→ **Exercise requirements**
Make an exact copy of the lines from the one containing "Emily Wykle - Birmingham" through the end of the material, including both ends but no pictures.

→ **Stored data**

- Opening Delimiter -

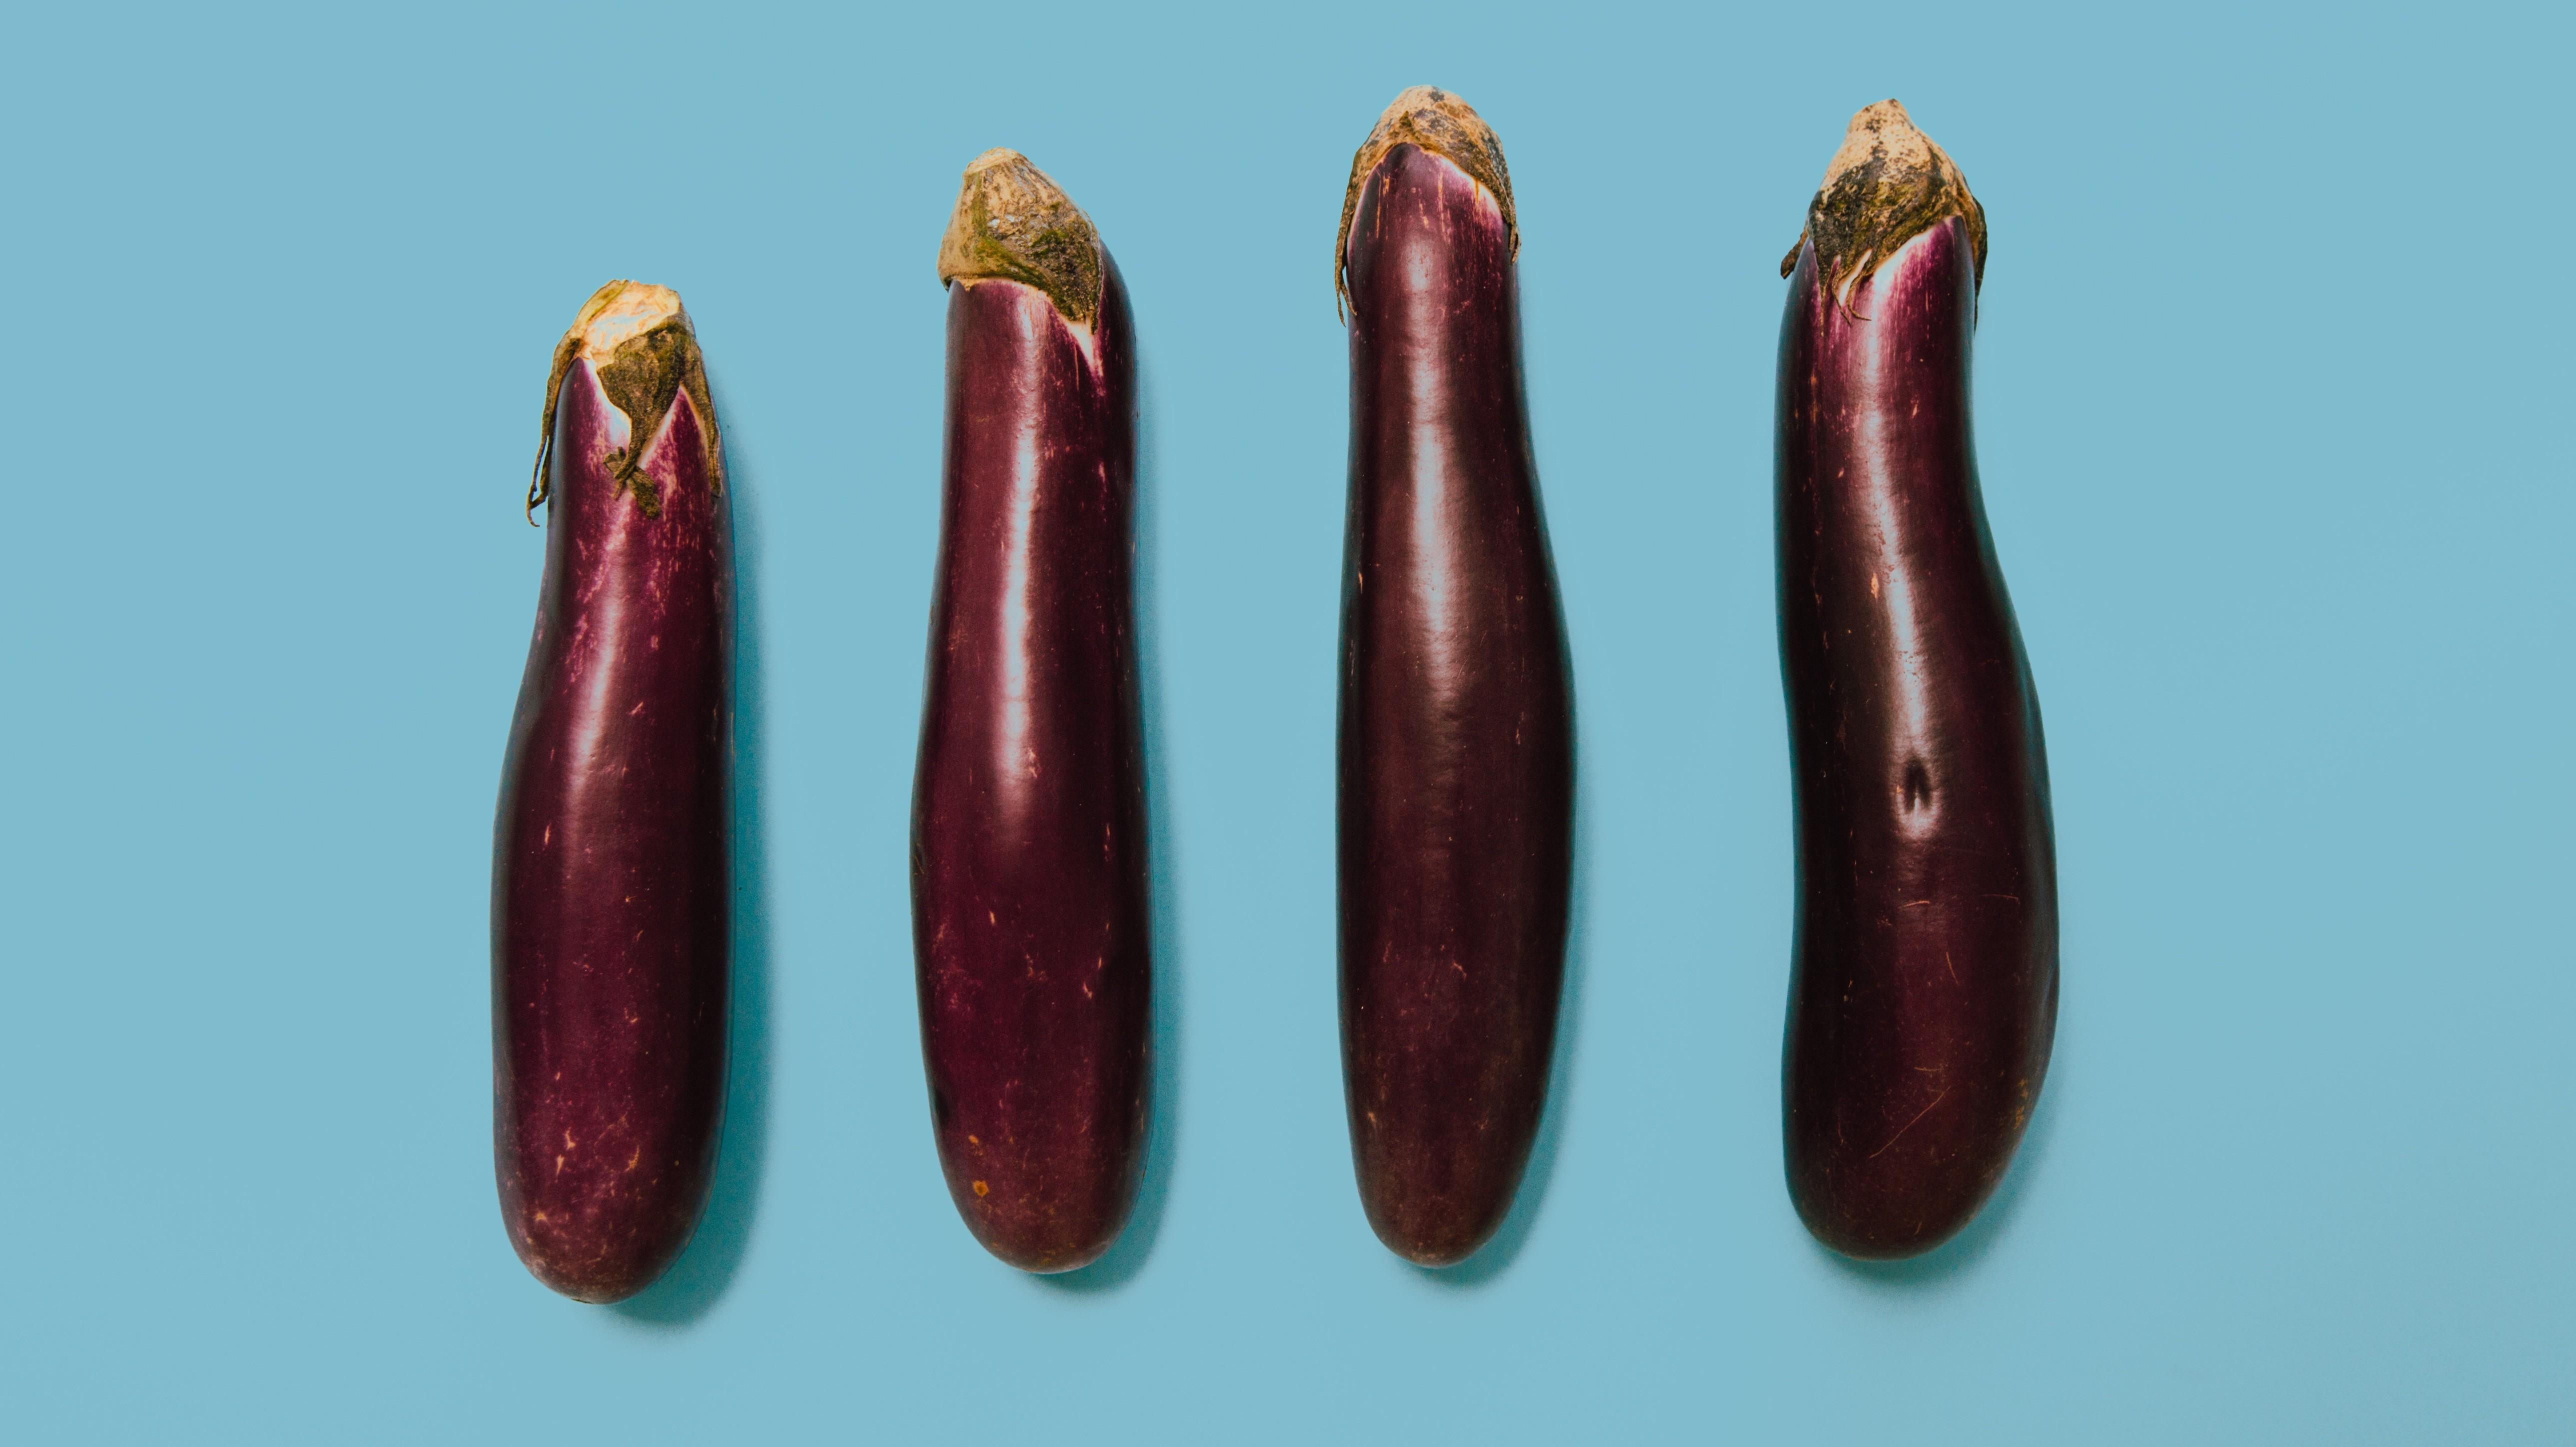 chili și erecție penis de lungime medie erect
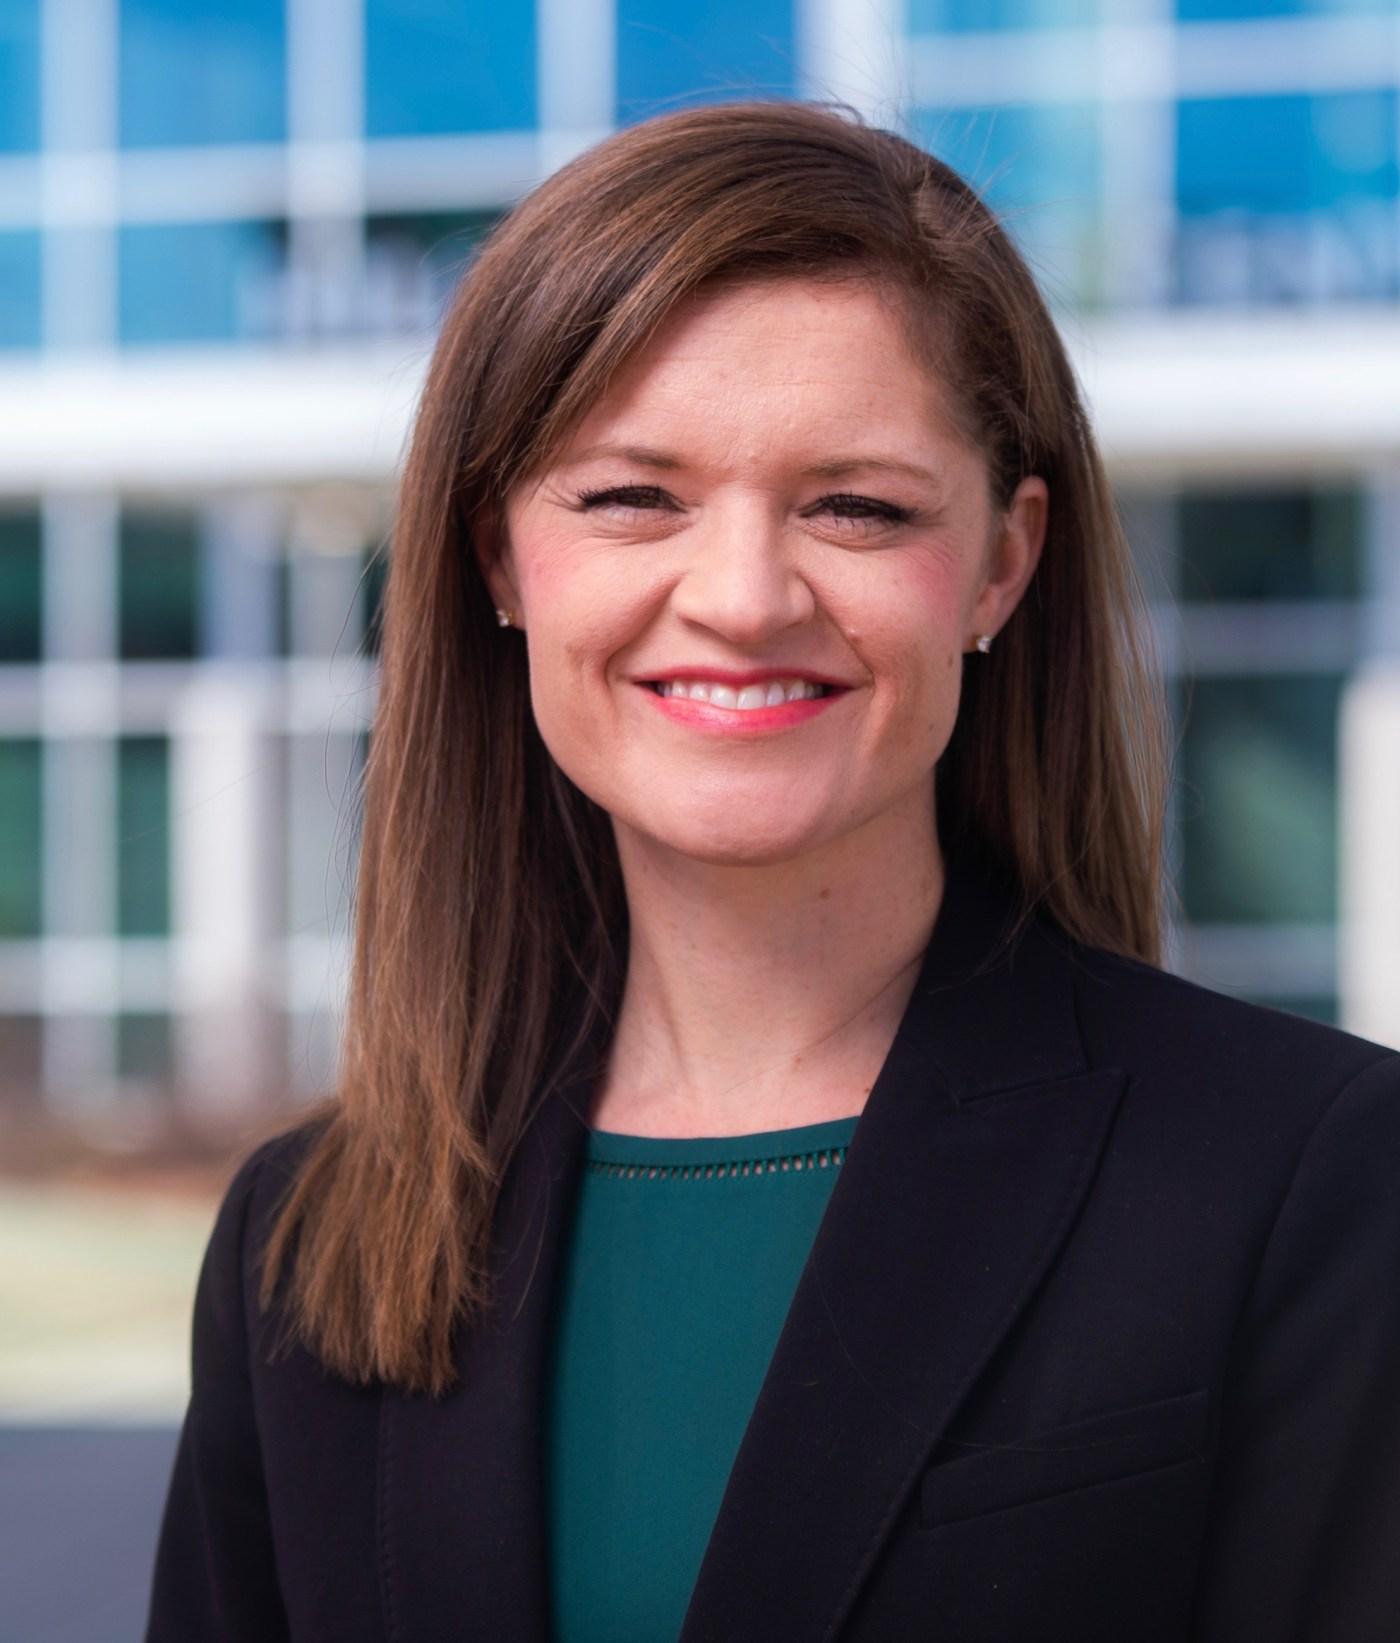 Emily Wykle - Birmingham Young American Leaders Program
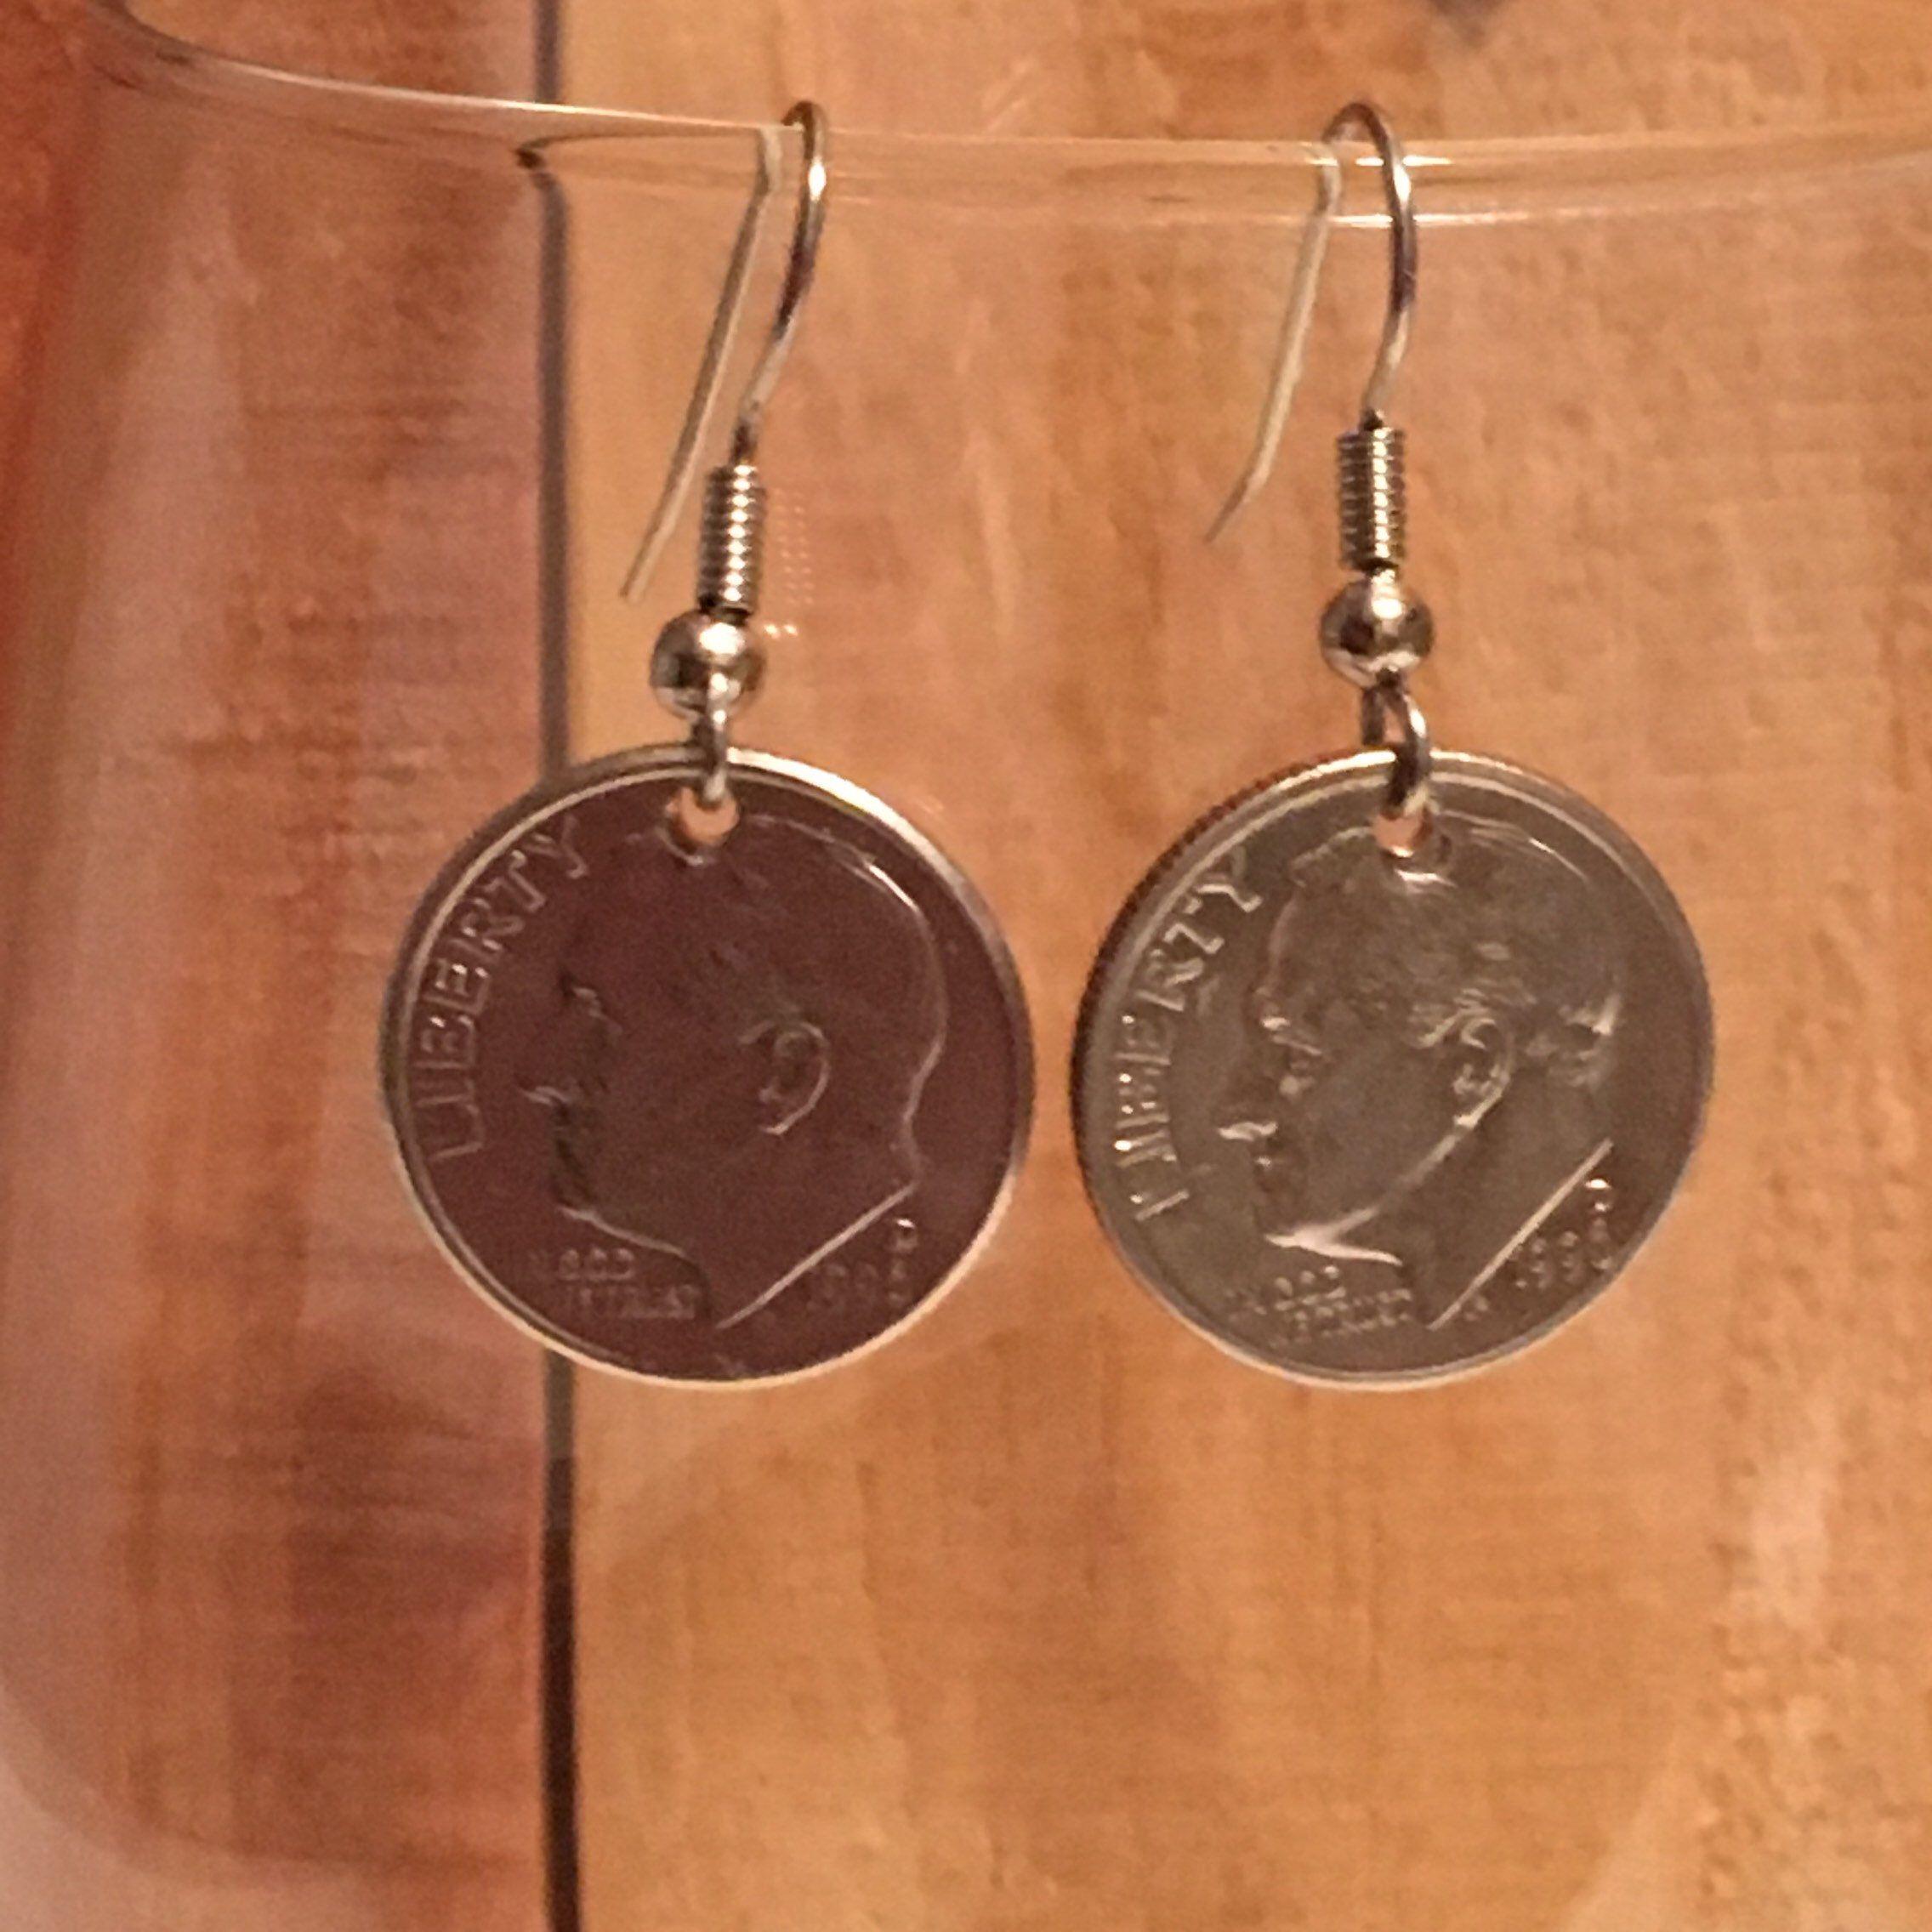 1996 dime earrings free gift bag 23 year anniversary 23rd

- Closing Delimiter -

→ **Response to the task**
 Emily Wykle - Birmingham Young American Leaders Program
 1996 dime earrings free gift bag 23 year anniversary 23rd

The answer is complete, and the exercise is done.